--- START ---

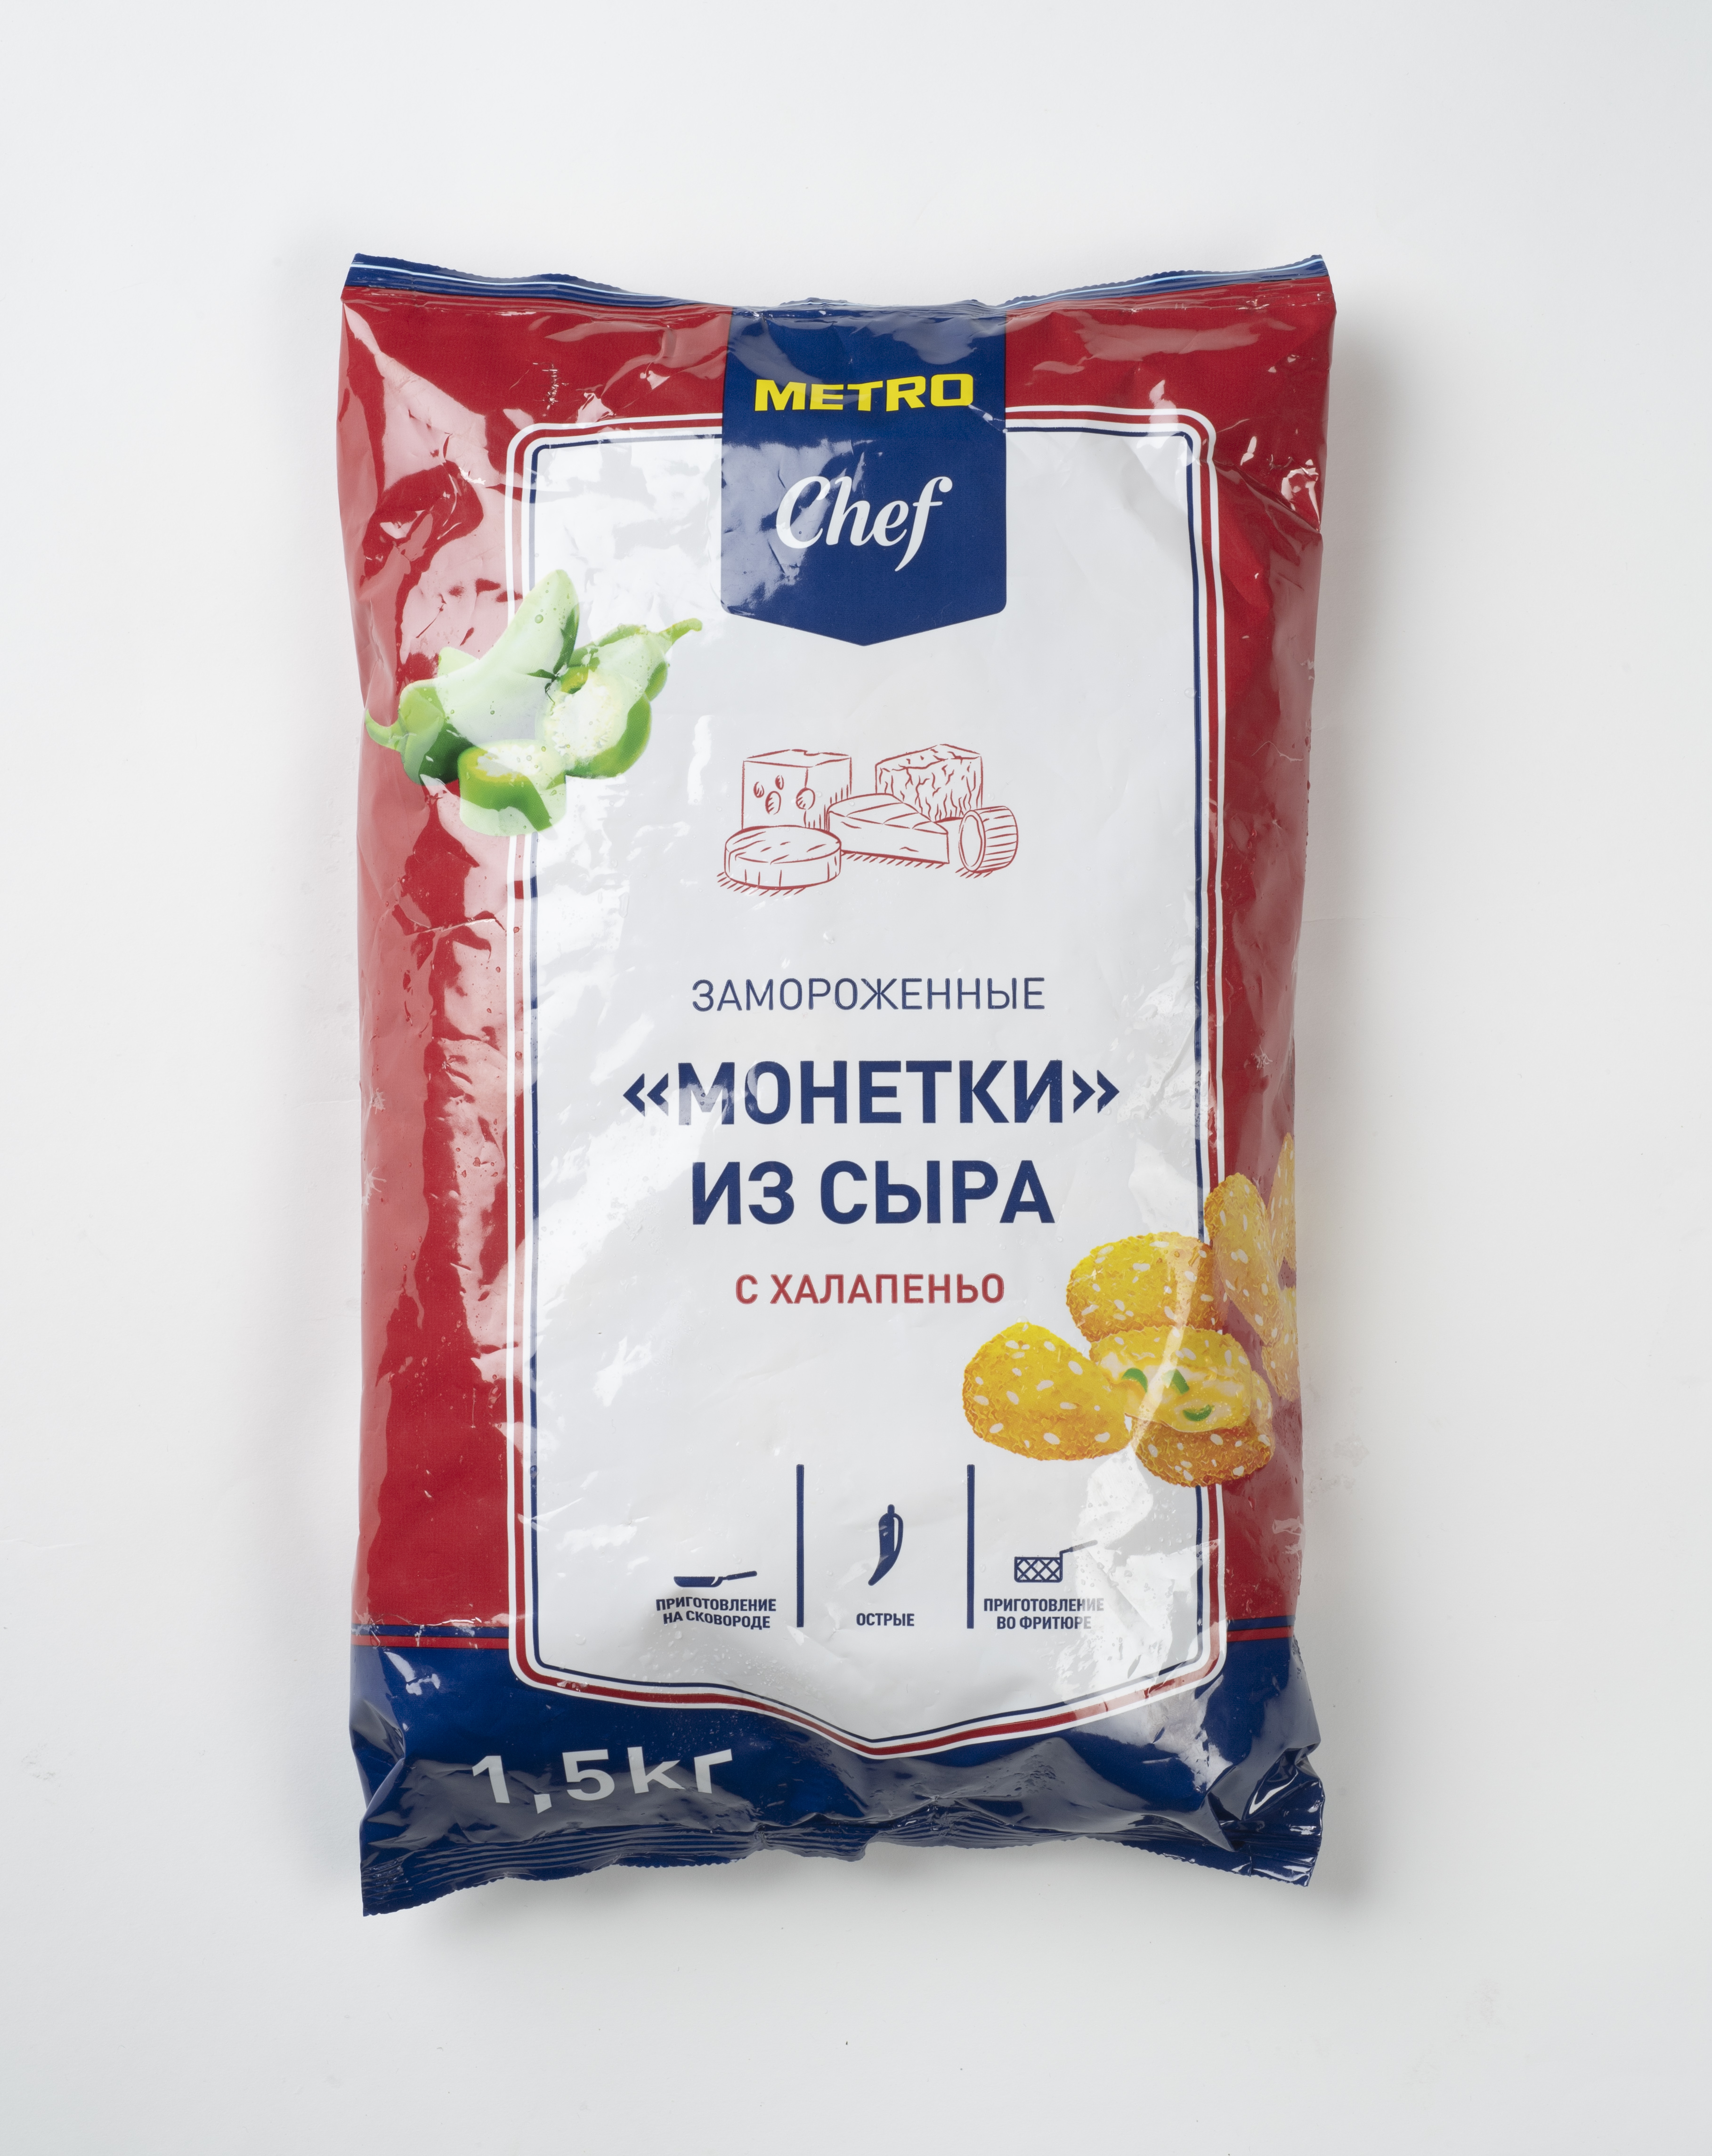 Сырные монетки Metro Chef с халапеньо замороженные 1,5 кг
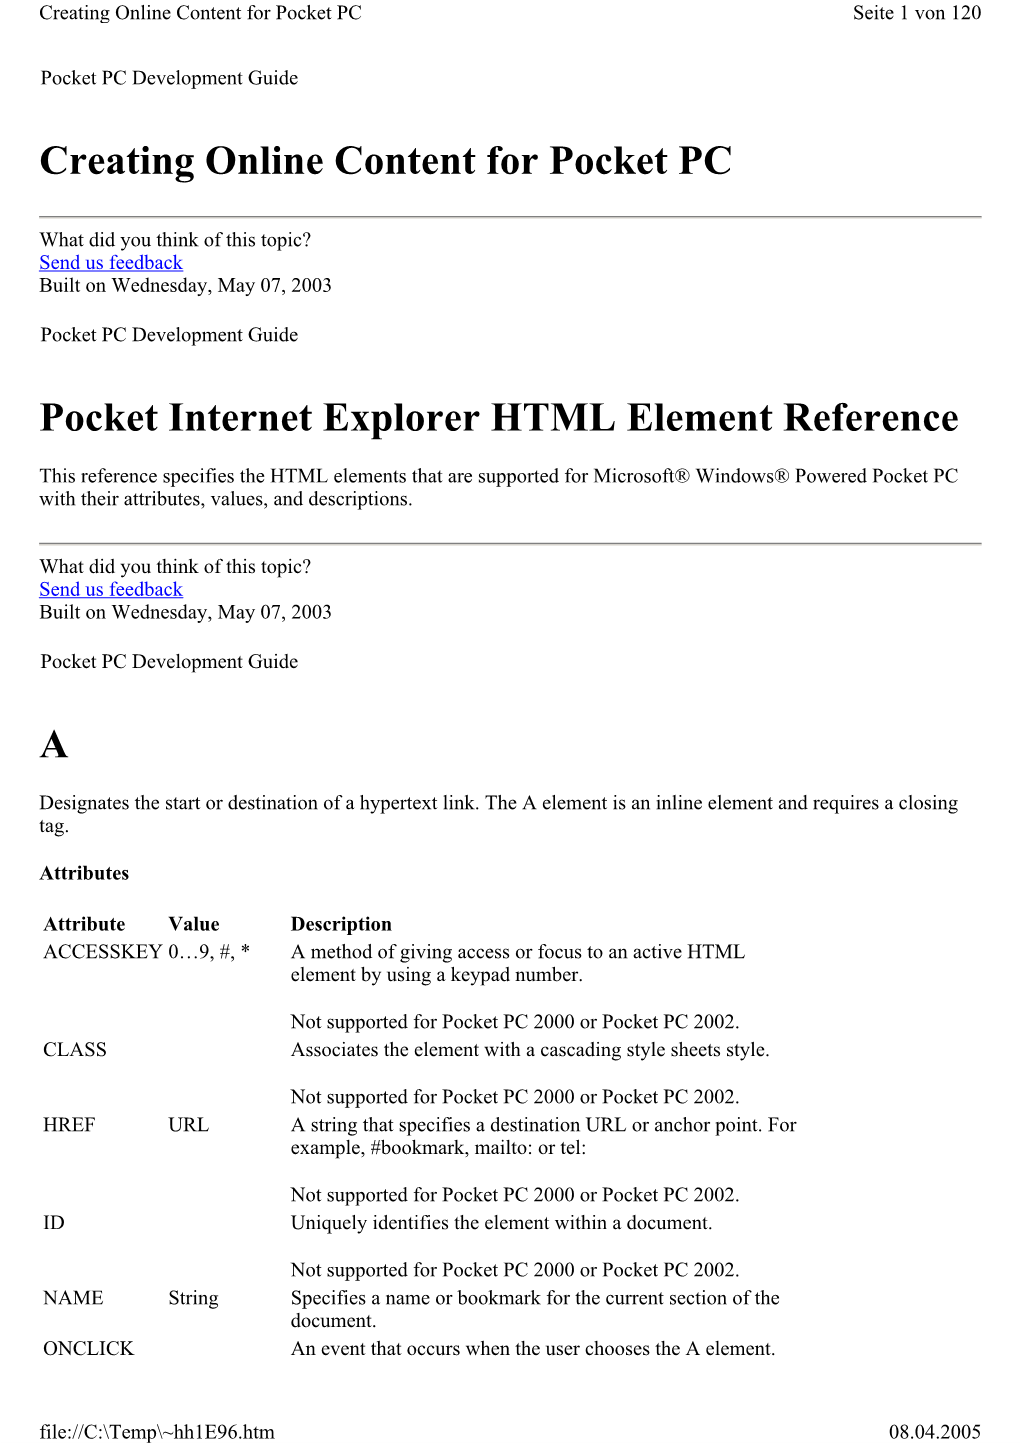 Creating Online Content for Pocket PC Pocket Internet Explorer HTML
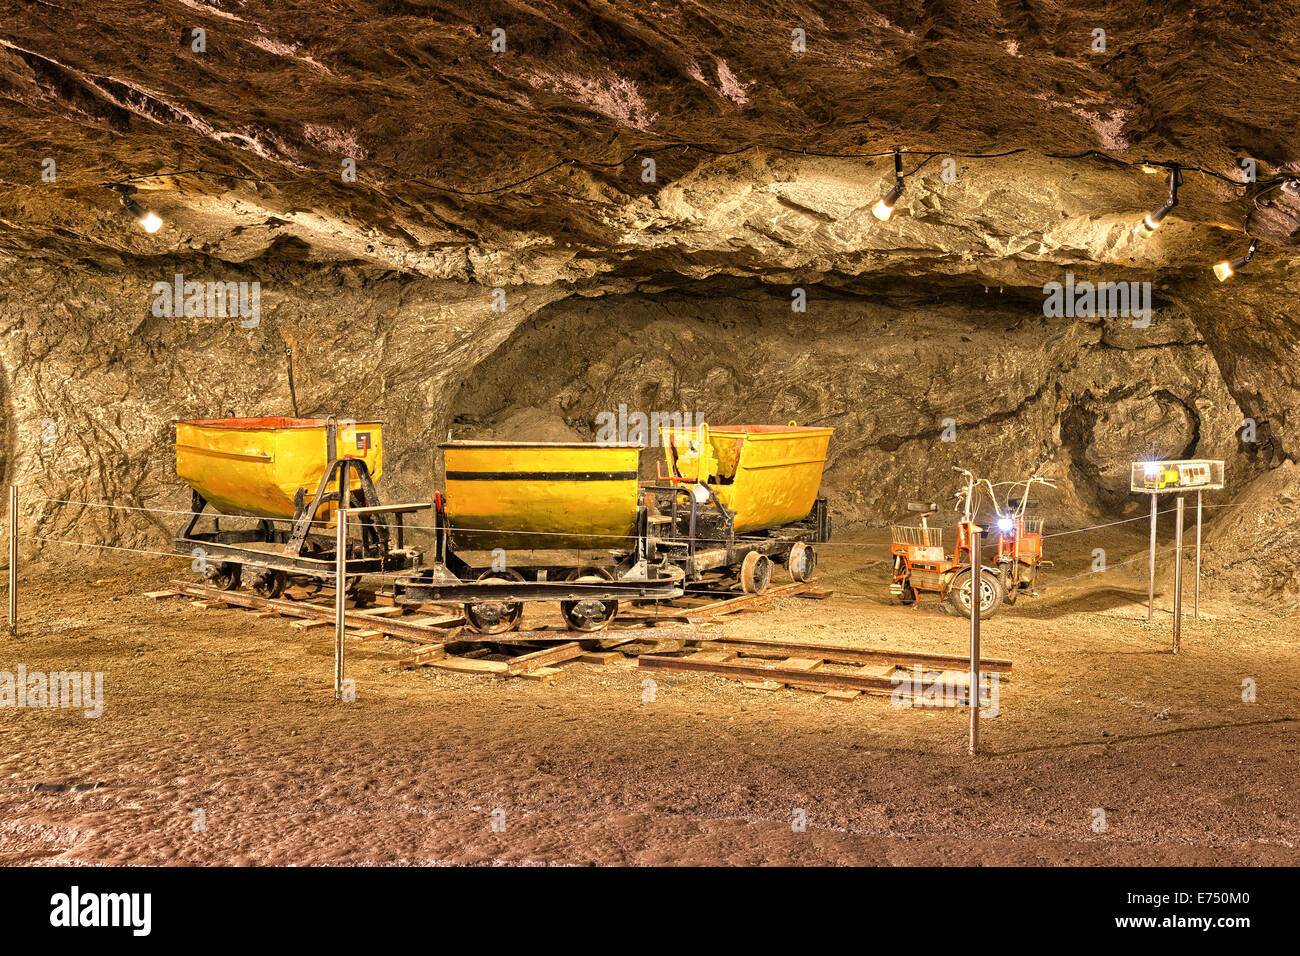 Besucher-Tour durch das Salz mine in Bex zeigt einem ein paar Wagons, die verwendet wurden, um Salz aus den Minen zu transportieren die Salz dep Stockfoto

--- END ---

TASK DETAILS
Word for word, retype all of the data above, but include no pictures.

TASK OUTPUT
 Сырные монетки Metro Chef с халапеньо замороженные 1,5 кг
 Creating Online Content for Pocket PC Pocket Internet Explorer HTML
 Besucher-Tour durch das Salz mine in Bex zeigt einem ein paar Wagons, die verwendet wurden, um Salz aus den Minen zu transportieren die Salz dep Stockfoto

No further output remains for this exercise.